Many of these plants travelled with us from one house to another and some we left flowering for the new occupants . No wonder,when my parents built their own house one of the pre-condition was existence of a lawn and place to grow vegetables. They did not mind settling down slightly far away from the city as this requirement was non negotiable. It was difficult not to learn something about gardens and plants in a family like mine. Though the most talented of us sisters is my elder sis, I too realized off late that I cannot live without some plants and flowers to look after . It was however, difficult for me to find a niche area to specialize in the family. Father was all for flowers and specially roses , mom experimented with what she called useful plants – tulsi, chillies, mint leaves, coriander, tomatoes and the like . My sis loved the decorative greens - crotons and ferns, African grass and money plants .Now thanks to her efforts our Lucknow house looks like all green - with creepers and climbers covering the front .

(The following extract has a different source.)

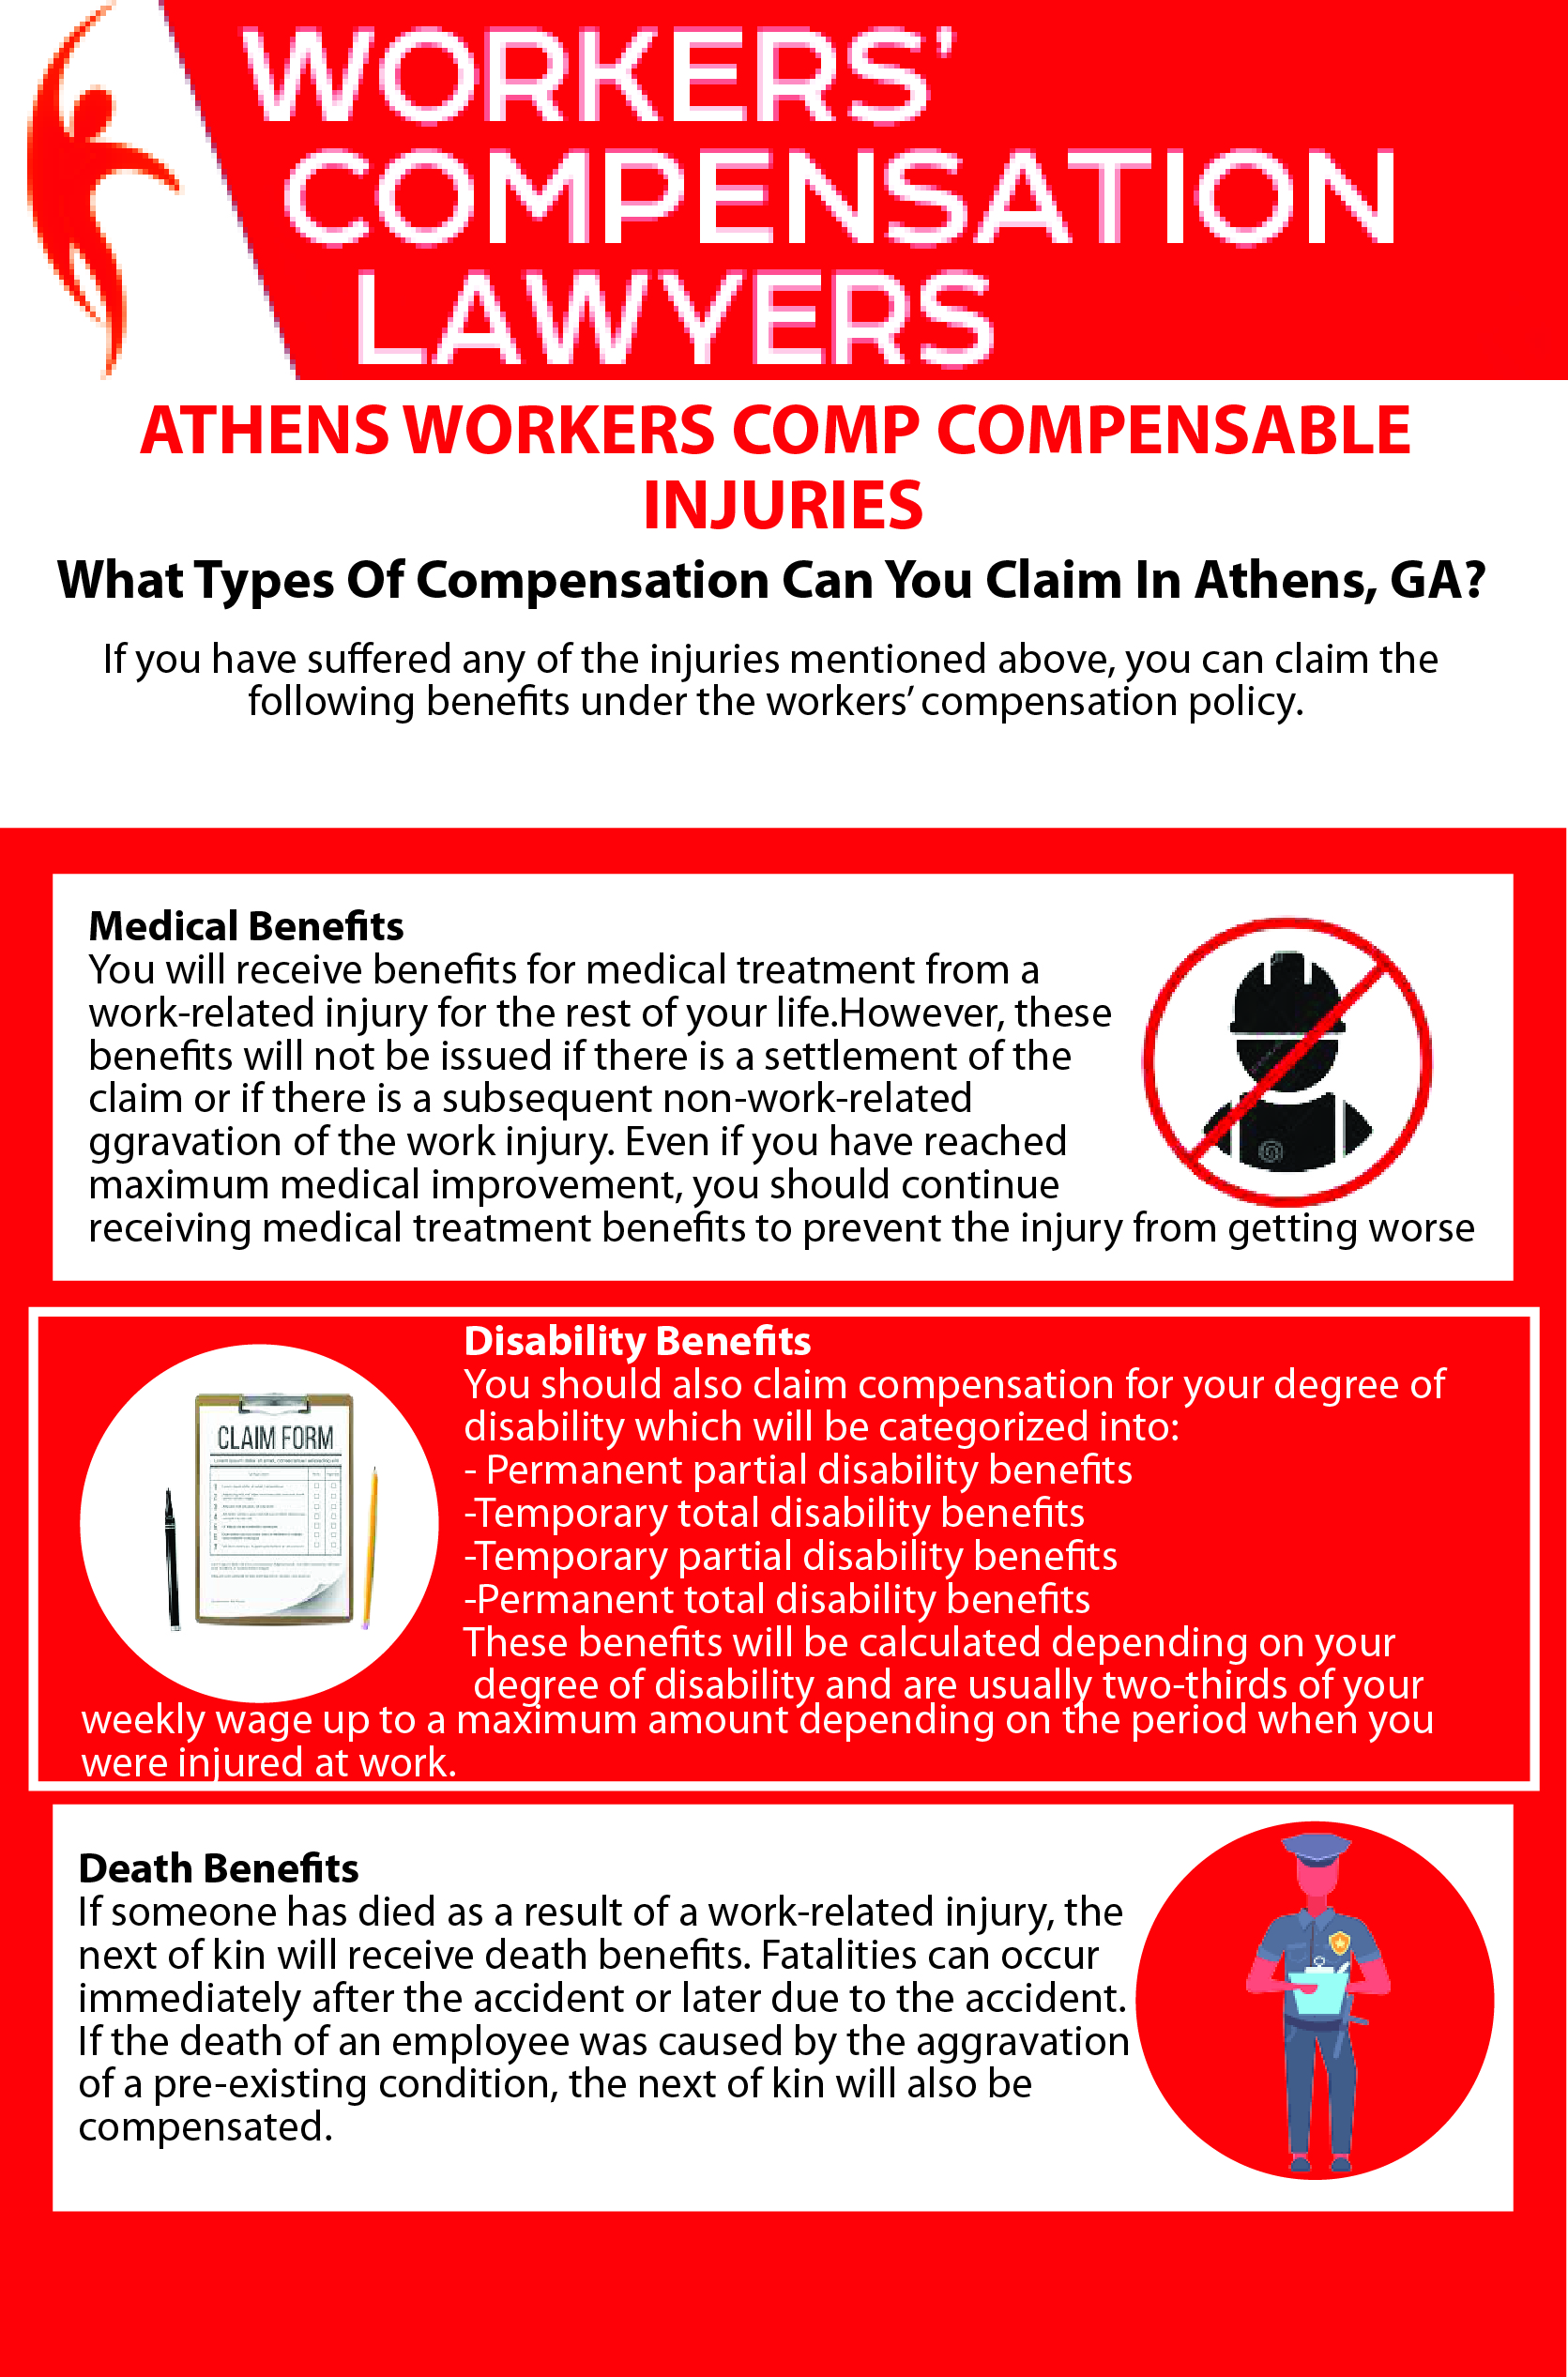 Athens Workers Compensation Compensable Injuries Infographic
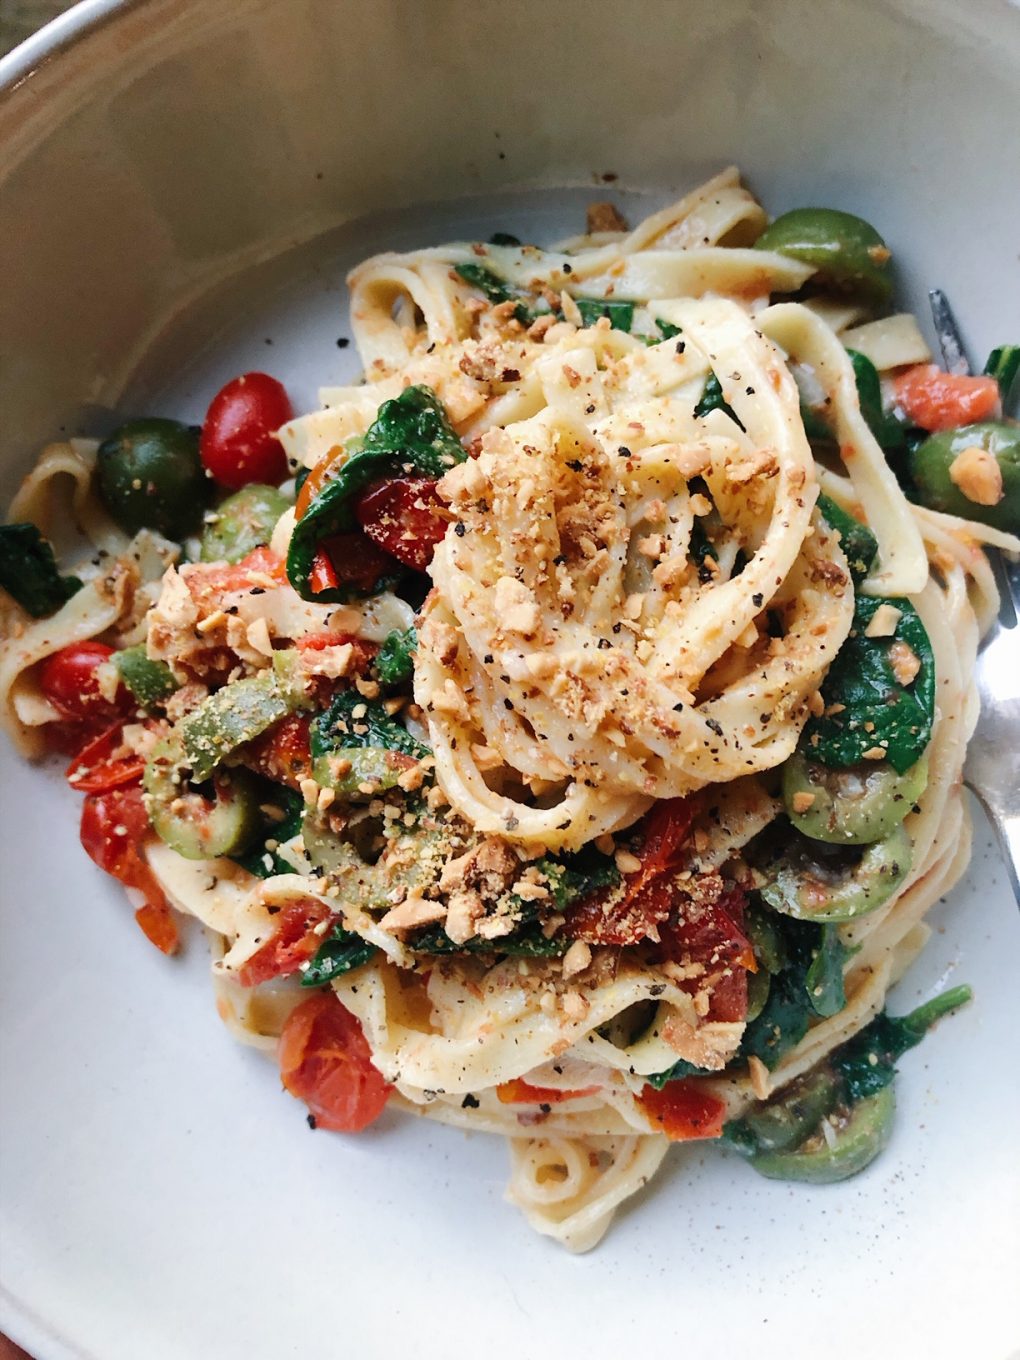 A bowl of almond flour fettuccine pasta with cherry tomatoes, spinach, and olives. Topped with toasted almond "parmesan" cheese in a big white bowl

For some reason I went for the scents . With the help of our gardeners I carefully planted scents like harsingar(shefali), ratrani, kamini, malti, juhi, chameli and my most favorite bela . Those who are familiar with these can imagine how fragrant the house would be when all of these are on bloom(usually around rainy season). In the early winters and again in summers , collecting the delicate and fragrant flowers below the tree was my favorite morning activity
Anyways , I was struggling with my gardening genes for past few weeks. I shifted to a new house last January and left my ground floor house with garden full of winter blooms for the next occupant. Now this new house on the first floor , has limitations for gardening . Still, I managed to gather about 40 potted plants .

Pride of my last year's winter bloom. My biggest Dahlia in a pot
Now with the winter approaching, I almost ache for the familiar sights of pansies, dahlias, cinerarias, sweet peas and marigolds. I told myself to resist this urge this year . I mean I hardly get time these days to pick up my gardening trowel and Pruning shears to look after my plants. But the funny part about genes is- you can’t resist them for long. So here I was this afternoon , standing in a nursery missing my lunch , picking up plants and fertilizers for the winter flowers . Now that I am again ready with my gardening tools ,let’s see how my winter 2011 collection goes. After all, the best thing about gardening is the anticipation and hope it provides to a person.